Gérald Darmanin, Jean Castex et Éric Dupond-Moretti, le 25 juillet 2020
Gérald Darmanin, Jean Castex et Éric Dupond-Moretti, le 25 juillet 2020
Crédit : YANN COATSALIOU / AFP
Marie-Pierre Haddad

Darmanin contre Dupond-Moretti. Un mot a suffi à provoquer de la friture sur la ligne entre les ministres de l'Intérieur et de la Justice. Depuis plusieurs semaines, les deux poids lourds du gouvernement se répondent sur l'emploi du mot "ensauvagement", laissant Castex jouer les arbitres

Un bras de fer suspendu pour l'instant à une phrase dont le ténor du barreau a le secret : "Est-ce que vous voulez que je récidive franchement ?"

Devant les journalistes, le Premier ministre veut "fermez le ban". "Il n'y a aucune polémique.
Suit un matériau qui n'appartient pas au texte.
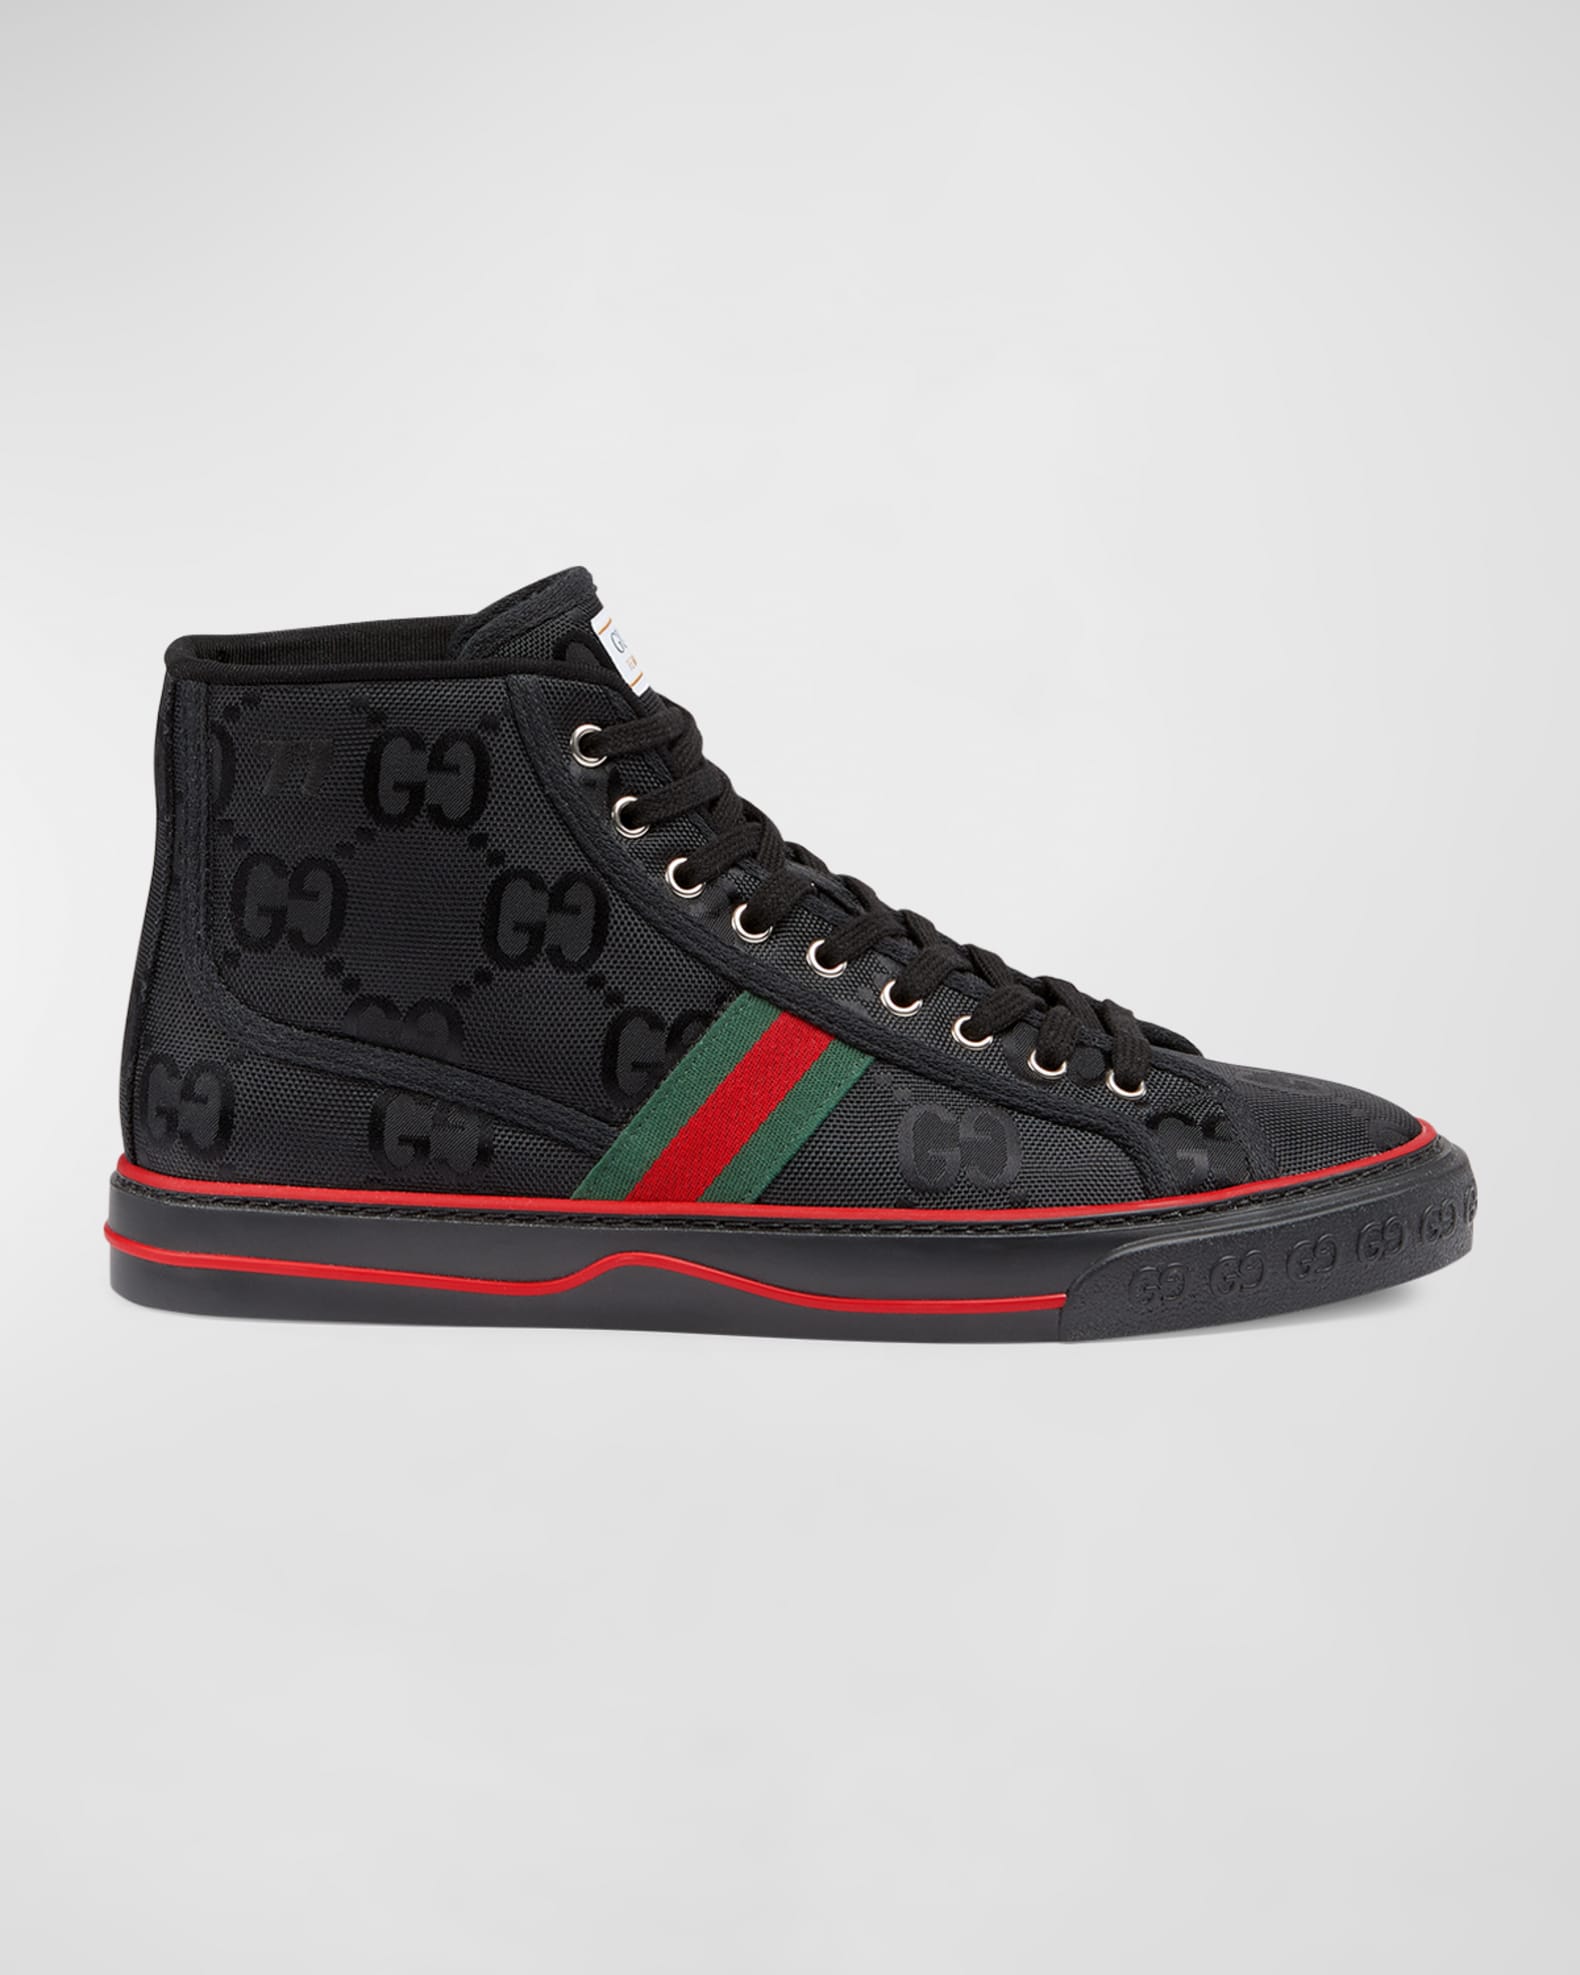 Gucci Men's Gucci Off The Grid Top Sneakers | Neiman Marcus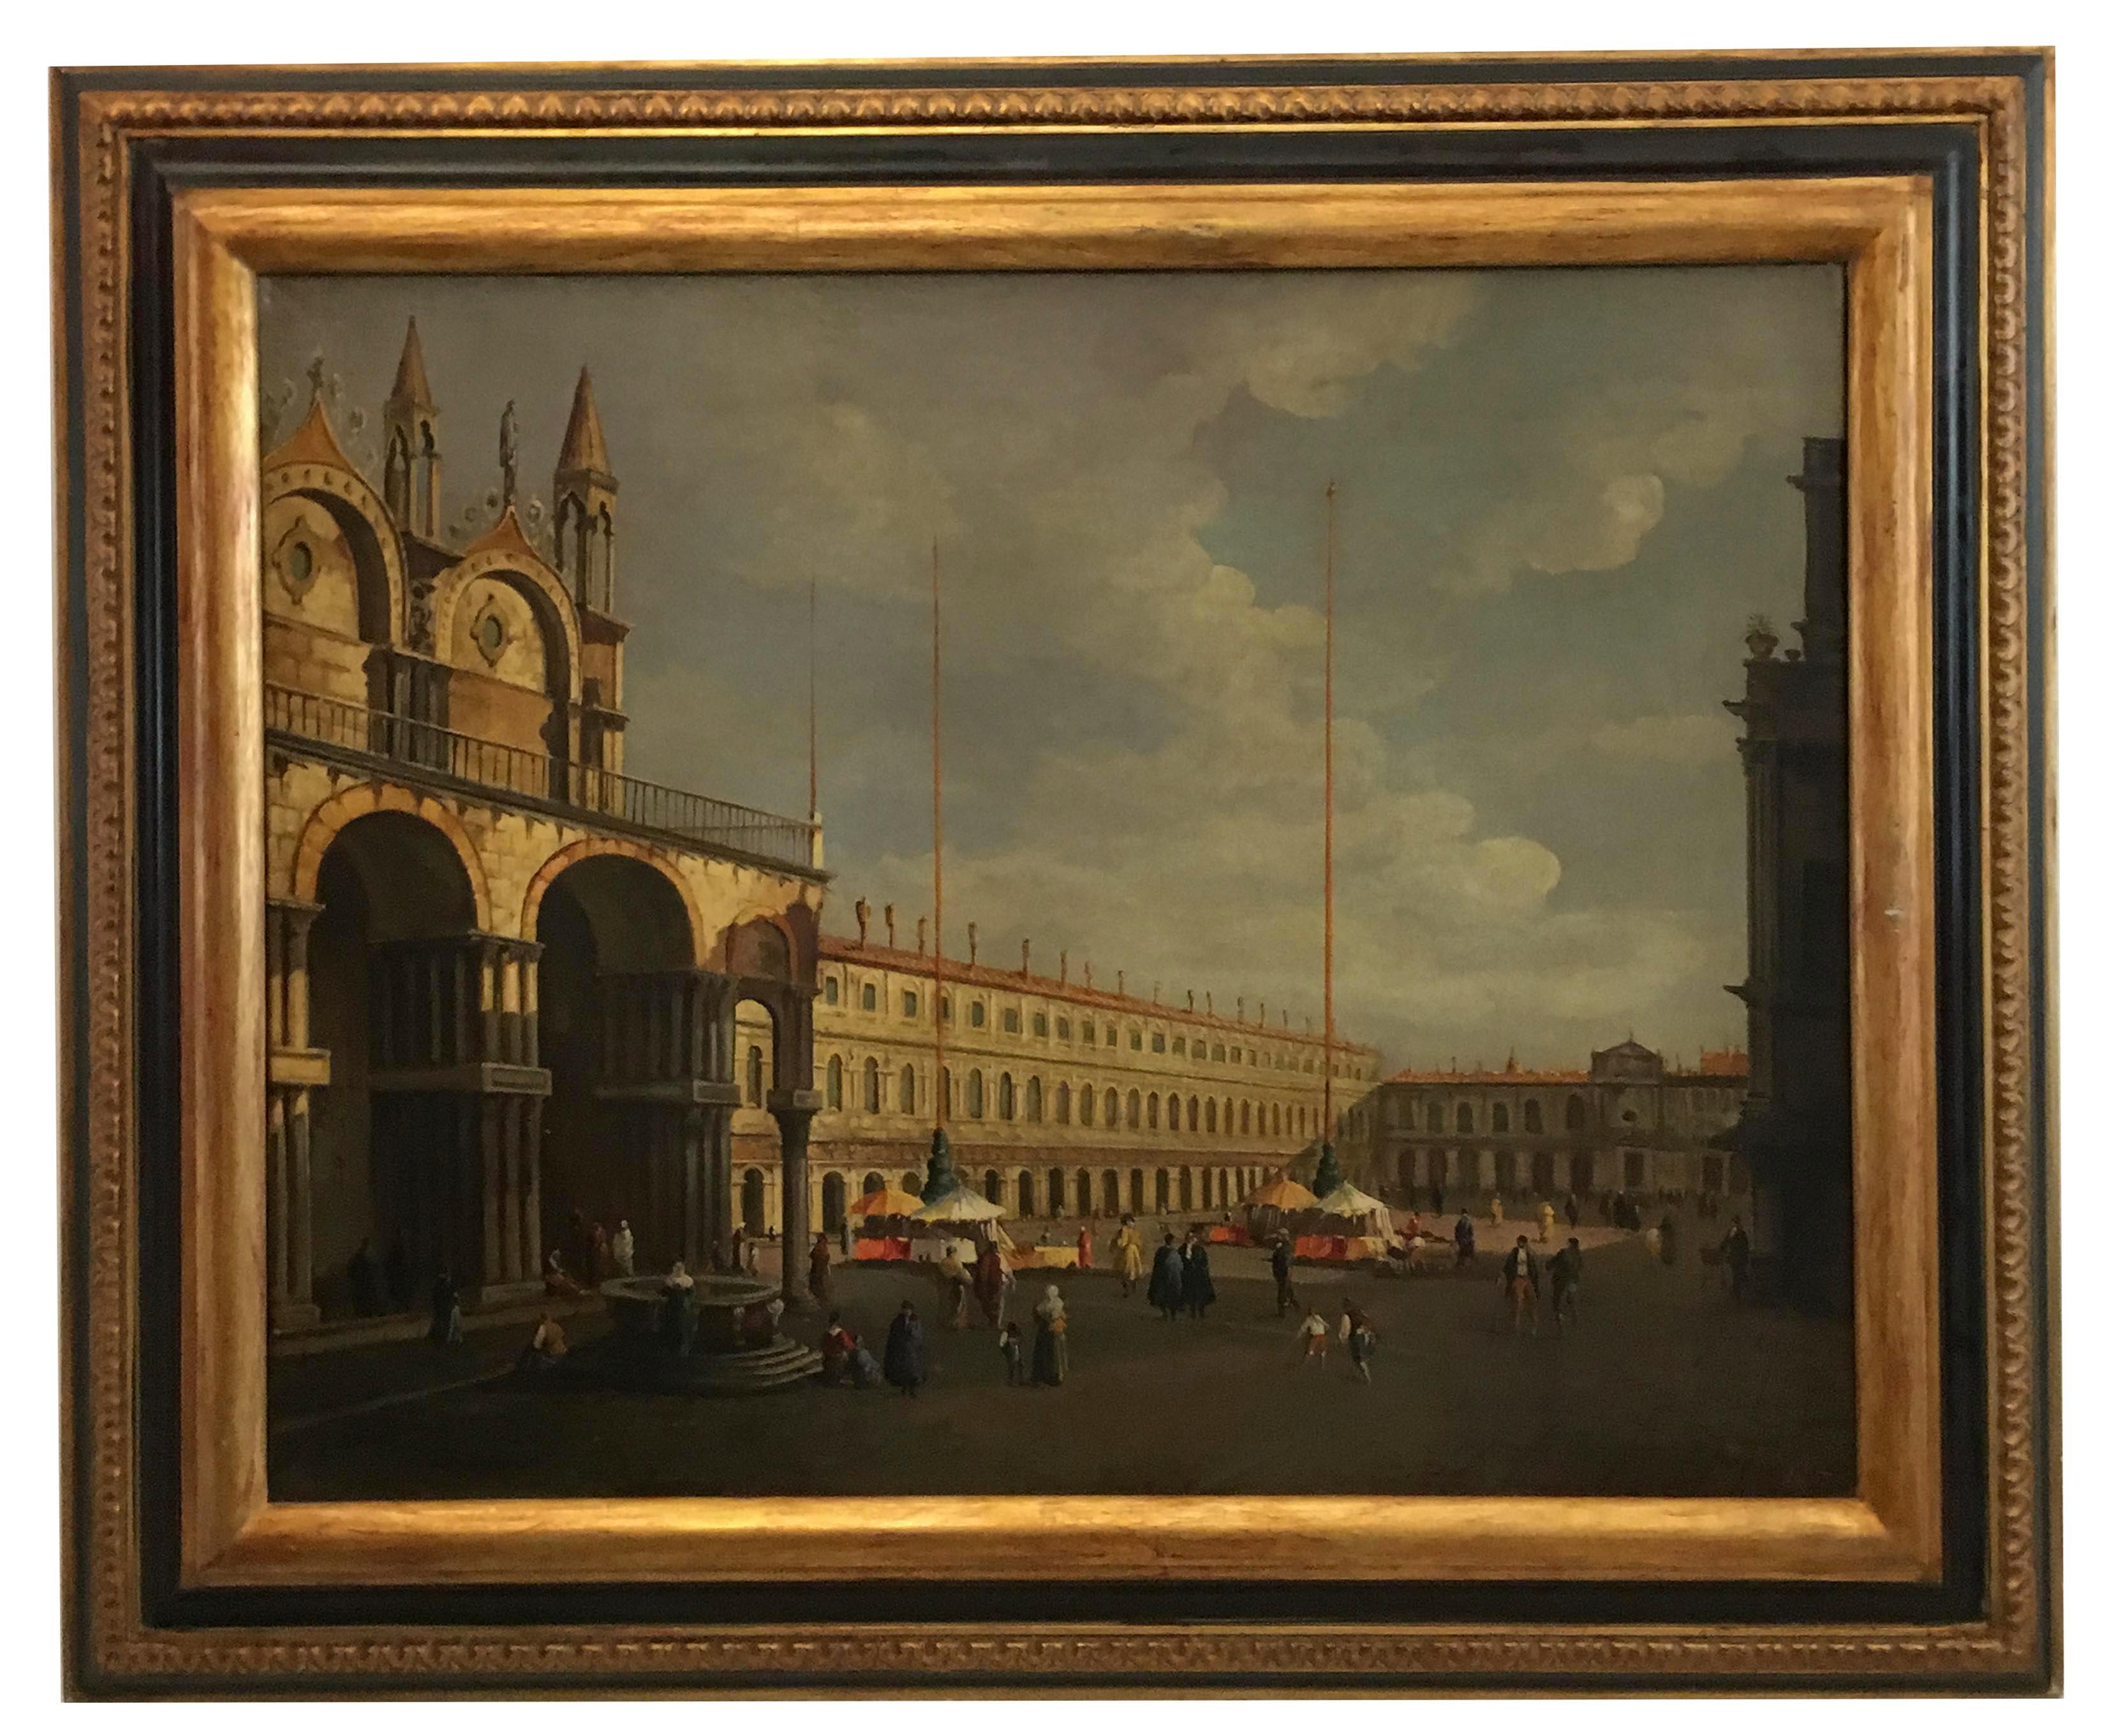 Mario De Angeli Landscape Painting - VENICE - In the Manner of Canaletto -Italian Landscape Oil on Canvas Painting

Le vrai sujet, en revanche, c'est bien celui de mobiliser face à la montée des violences et de l'insécurité, a-t-il déclaré. La question n'est pas les mots qu'on emploie pour qualifier le phénomène, mais les actions que l'on met et que l'on va mettre en place pour y faire face". Invité ce jeudi 3 septembre à l'antenne de RTL, Jean Castex a botté en touche sur les tensions qui minent son gouvernement. "Je ne suis pas ici dans les fonctions qui sont les miennes pour trancher des débats sémantiques", a-t-il déclaré.

1. Que s'est-il passé à Grenoble ?

Pourtant, c'est bien le mot "ensauvagement" qui cause ses premières tensions au sein d'un gouvernement entré en fonction le 6 juillet dernier. Tout a commencé à Grenoble. Le 26 août dernier, une opération de police a eu lieu dans un quartier de la ville, après la diffusion de deux vidéos sur les réseaux sociaux. On y voit des hommes encagoulés et lourdement armés sur un point de vente. 

Lancé dans une communication très active sur les réseaux sociaux, Gérald Darmanin annonce sur Twitter : "Sur mon instruction directe, une opération est en cours dans le Mistral, à Grenoble. L'État s'imposera face à l'ensauvagement d'une minorité de la société". Deux jours plus tôt, le ministre de l'Intérieur évoquait dans Le Figaro sa volonté de "stopper l'ensauvagement d'une certaine partie de la société".

Dans les jours qui suivent le doute va s'installer. Des images d'hommes cagoulés et armés autour d'un point de deal à Grenoble seraient-elles issues d'un simple clip de rap ? Sur France 3, le rappeur Corbak Hood a assuré que son clip n'avait "rien à voir" avec le trafic de stupéfiants qui gangrène le quartier du Mistral. Son auteur l'affirme mais les enquêteurs sont bien décidés à lever des zones d'ombre qui subsistent. 

2. Une position isolée au gouvernement ?

Le mot est lâché et va donc provoquer l'ire de certains au gouvernement. Éric Dupond-Moretti a récusé "l'ensauvagement de la société". "L'ensauvagement, c'est un mot qui (...) développe le sentiment d'insécurité", a-t-il estimé. Or "pire que l'insécurité, il y a le sentiment d'insécurité" qui est "de l'ordre du fantasme" et est nourri par "les difficultés économiques" et "certains médias", selon lui. "Bien sûr, sur le terrain économique, la droite n'a rien à opposer au président de la République, donc elle vient sur les sujets régaliens et sécuritaires", a-t-il ironisé. 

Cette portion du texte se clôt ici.